What are the market limitations in terms of indicators?

Find the minimum and maximum values of clicks on ads in your industry (for contextual, targeted advertising). Find information about average conversion rates in your industry.
Try to find out how many times on average people use similar products per year / month / lifetime (if you sell one-time expensive goods and services).


We used materials from https://gopractice.io/product/unit-economics-made-easy/
A standard market-research may not always work, as relevant data for your business may not be available. Reaching out to existing entrepreneurs in the same industry/ segment of interest can help in better understanding of the market.
Once you have finalized your product / service, explore the market for competition.

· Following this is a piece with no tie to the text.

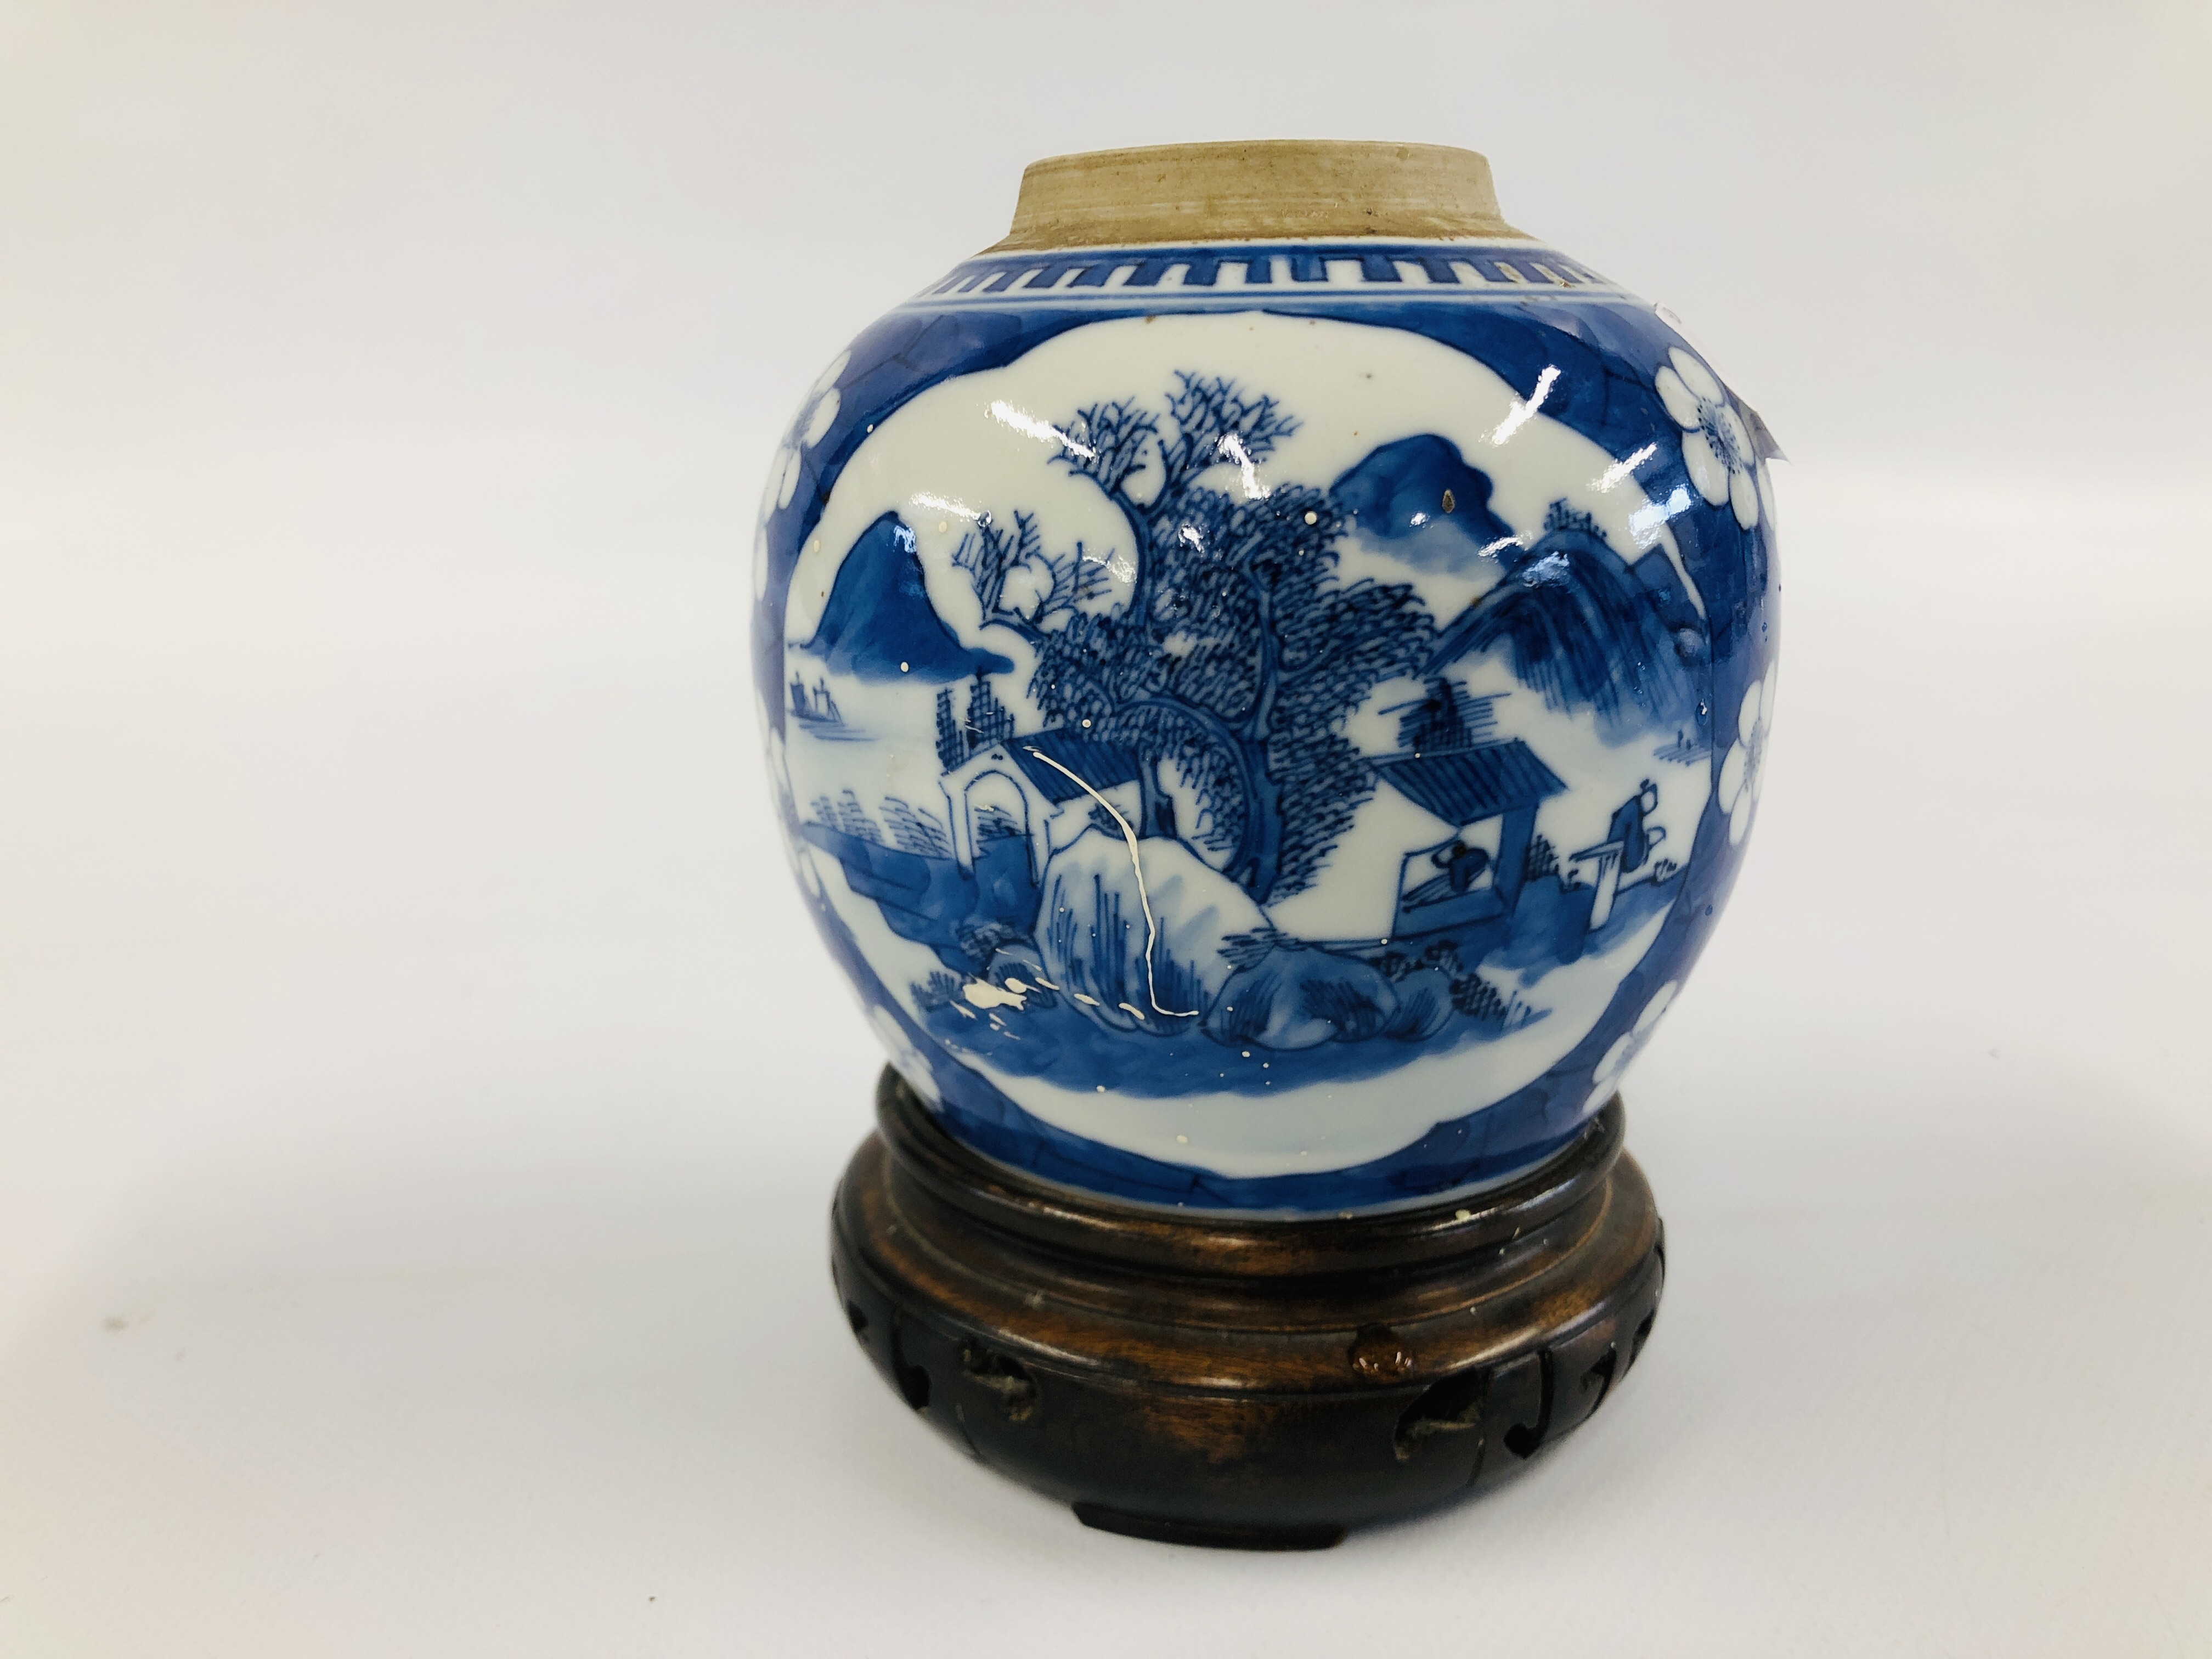 A ORIENTAL BLUE AND WHITE GINGER JAR AND STAND ALONG WITH A JAPANESE BUDDA FIGURE. - Image 7 of 10

There is no point in offering the same service or launching a product, which is already existing in the market, without any value addition. Once the competition mapping is completed and if a similar product or service exists in the market, ascertain how best you can better your product and service. You will be competing with an established market player with a set consumer base and if you must disrupt that model, then your product or service should be far superior.

It is also mandatory to determine whether your product / service complies with the law of the land. As witnessed in recent times, technology-backed businesses in India are facing legal hurdles simply because legislation to support them has not yet been drafted. Therefore, a business must work within the limited legal framework, which could be a potential hurdle for expansion if decisions are taken hastily. So, make sure that your product / service conforms to the regulatory standards set for the market.